Drug pricing and opioids have remained front and center as the 116th Congress got sworn in and started hosting hearings and embarking upon investigations. On February 12, 2019, Representative Diana DeGette, chairwoman of the Energy and Commerce oversight subcommittee, and Senator Ed Markey, wrote a joint letter to the United States Food and Drug Administration (FDA) requesting documents that the FDA relied on in approving a new opioid.
In November 2018, the FDA approved Dsuvia for use only in certified medically-supervised health care settings for administration by a health care professional, despite some advocates and lawmakers warning that it is ten times more powerful than fentanyl and 1,000 times more powerful than morphine. In his announcement approving the drug, FDA Commissioner Scott Gottlieb acknowledged the possible dangers, but that it had the potential to be beneficial to the military, as it can be administered on the tongue, which can be helpful on the battlefield where injecting a drug can sometimes be difficult. “It fills a specific and important, but limited, unmet medical need in treating our nation’s soldiers on the battlefield,” Gottlieb said.
The letter notes that Dsuvia was approved following the October 12, 2018 meeting of the Anesthetic and Analgesic Drug Product Advisory Committee.
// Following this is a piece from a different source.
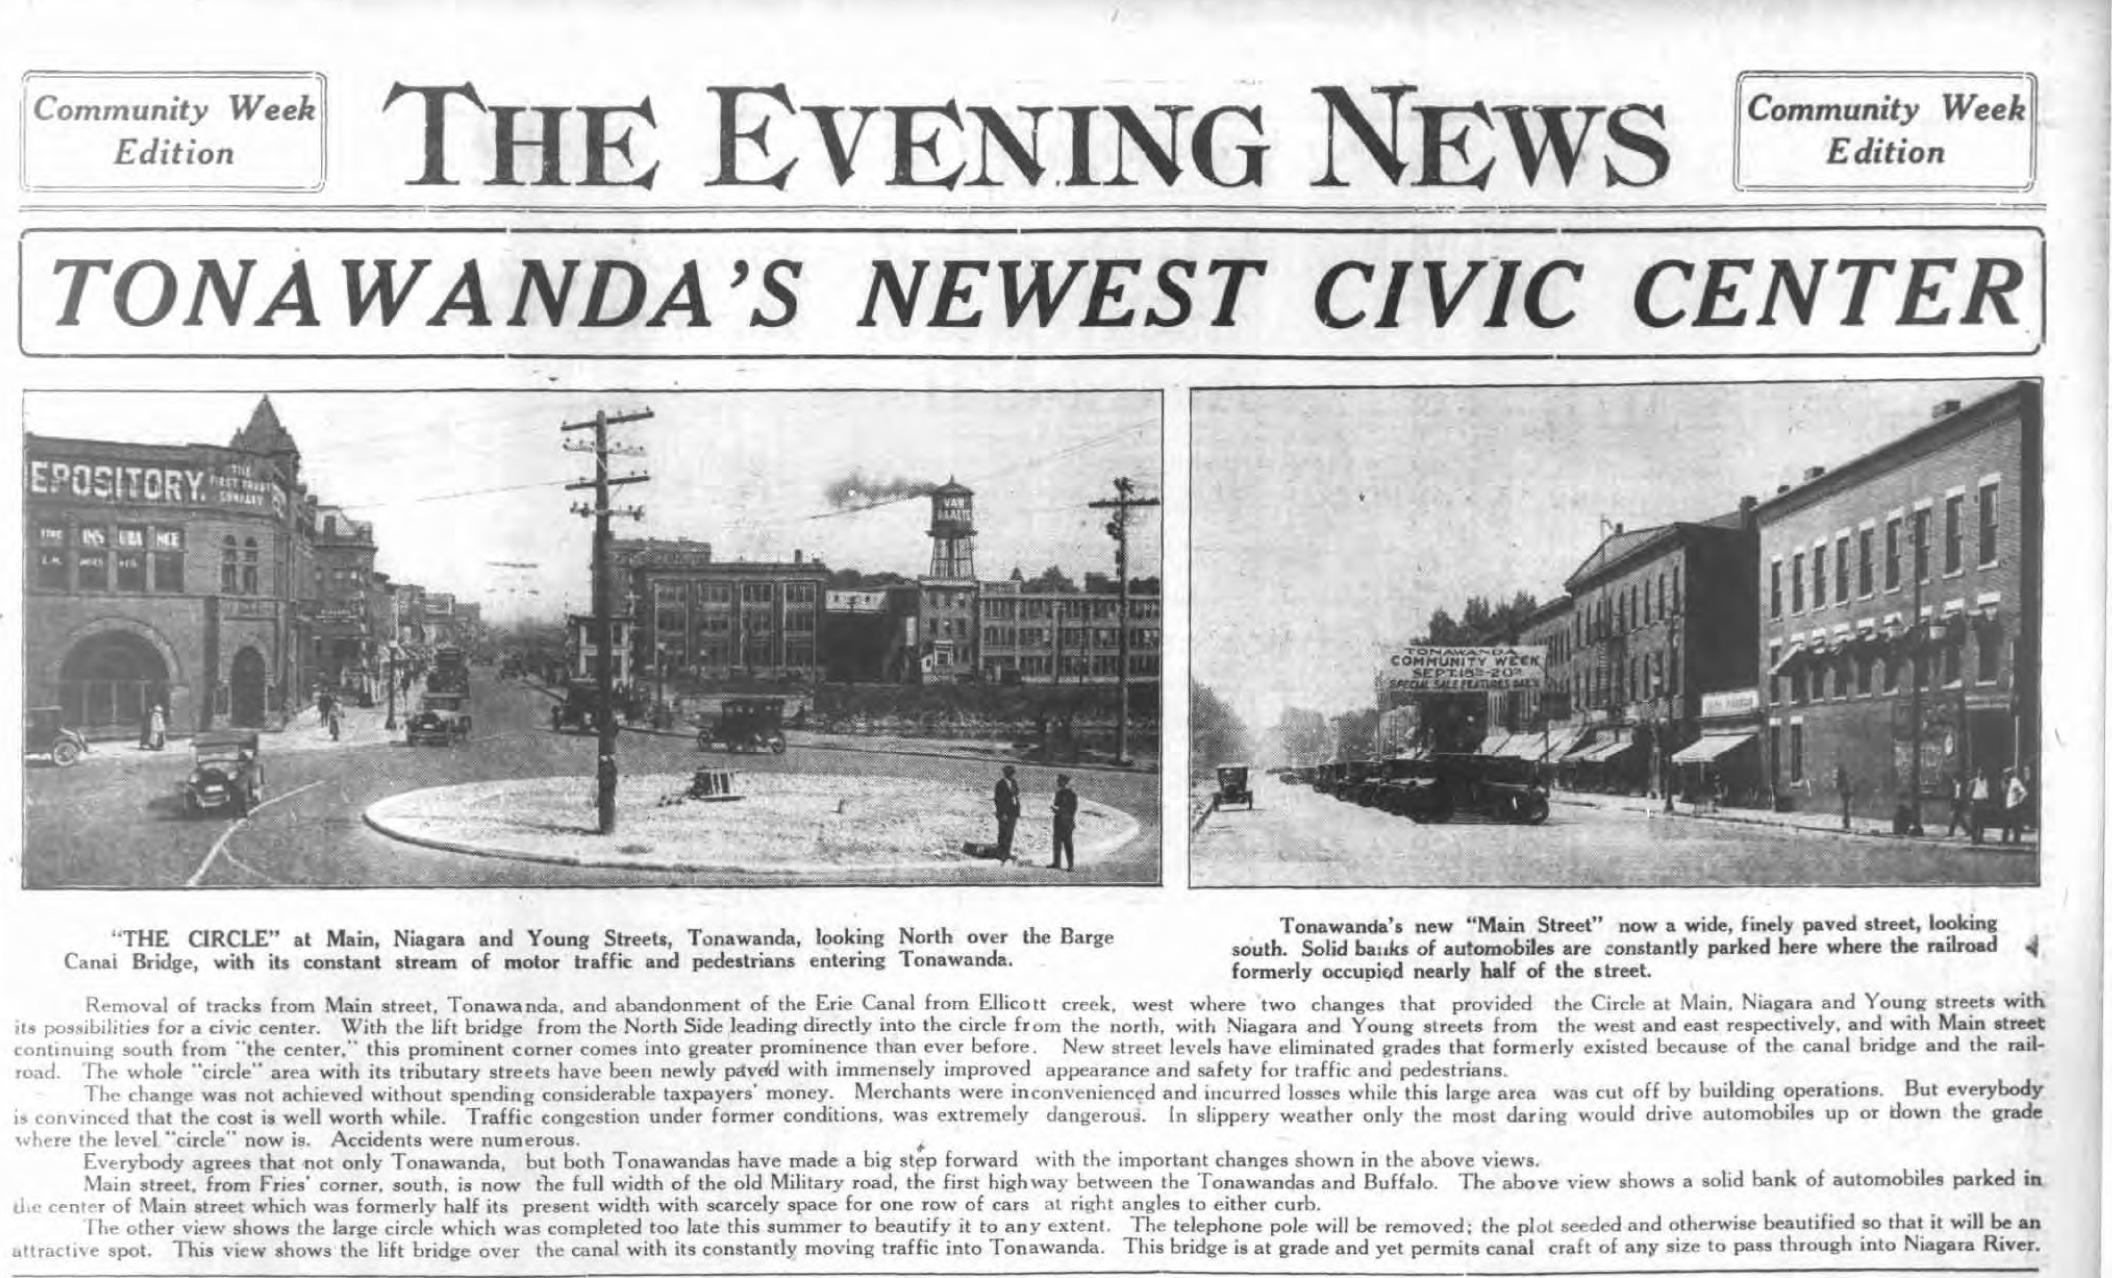 Tonawandas Newest Civic Center, photos and article (Ton News 1924).png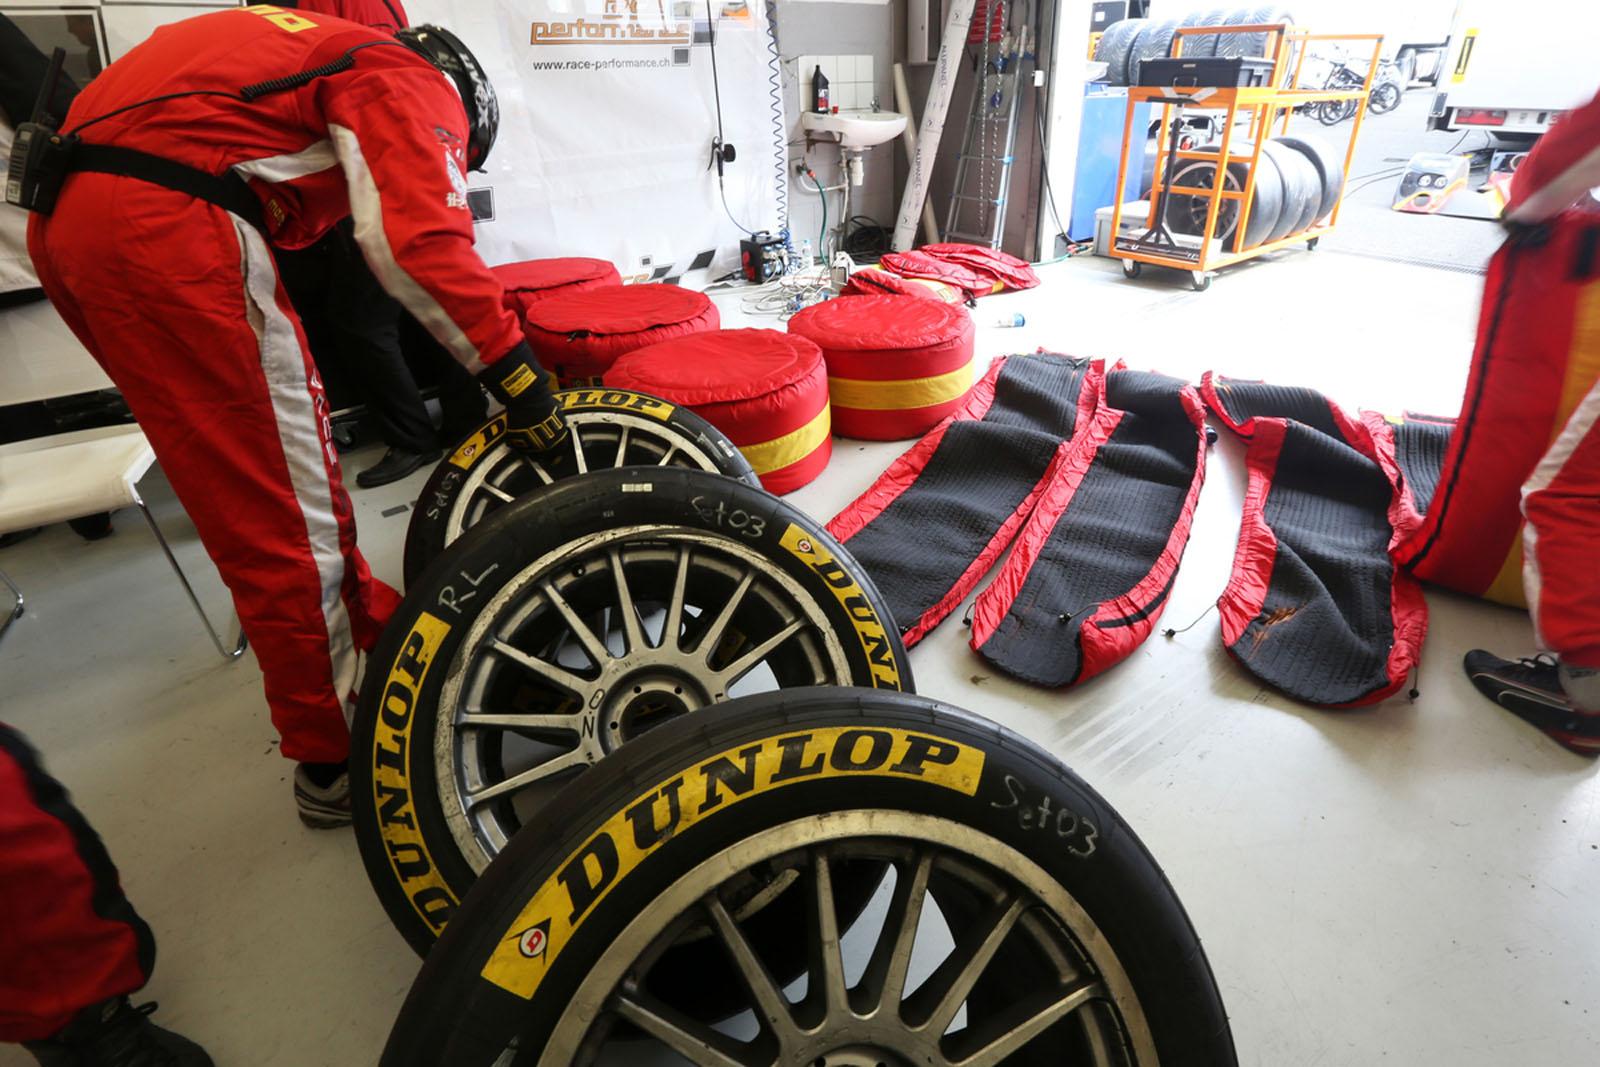 Le Mans , performanțele Dunlop în cifre

Dr. Raeford Brown, the Chair of the Committee, was absent from the meeting, but had previously “expressed serious concerns about the safety and efficacy of the product and opposed its approval.”
Following the meeting and the subsequent approval, Dr. Brown has raised questions about the FDA approval process, including the allegation that the FDA actually disinvited certain members of the Drug Safety and Risk Management Advisory Committee to that October 12, 2018 meeting.
Dr. Brown co-authored an editorial in the Washington Post, where he pushed back against the FDA’s reasoning that the drug is useful on the battlefield, noting that the “clinical trials for the drug did not reflect the kind of medical conditions – such as massive trauma or shock – for which it would be used in a real-world military setting.” He continued, “instead, Dsuvia was tested on patients following minor surgical procedures” and that following those procedures and administration of Dsuvia, it “required nearly an hour, on average, to meet the standard of clinically meaningful pain relief, suggesting it would not meet the needs of injured soldiers.”
In the letter, DeGette and Markey expressed their concern that the drug has the potential for abuse, as it can “deliver a potency that hash been known to be lethal in small dosages.”
At the close, DeGette and Markey comment the Agency’s “plan to consider the broader public health context of future opioid approvals rather than merits of the individual drug application in question,” before asking for the following documentation:
- All documents the FDA relied on in concluding that Dsuvia “fills a specific and important, but limited, unmet medical need in treating our nation’s soldiers on the battlefield;”
- All documents that relate to … communication between FDA and the U.S. Army Medical Research and Material Command concerning the FDA’s consideration of the Dsuvia application, between October 12, 2017 through November 2, 2018;
- All documents that relate to … communications between the FDA and any members of the Drug Safety and Risk Management Advisory Committee, disinviting them from the October 12, 20218 Anesthetic and Analgesic Drug Products Advisory Committee meeting concerning Dsuvia;
- All documents concerning the FDA’s decision to disinvite members of the Drug Safety and Risk Management Advisory Committee from the October 12, 2018 Anesthetic and Analgesic Drug Products Advisory Committee meeting;
- All documents relating to the FDA’s decision not to empanel the full Drug Safety and Risk Management Advisory Committee for consideration of the Dsuvia application.
The letter requested that all documents be produced no later than March 5, 2019.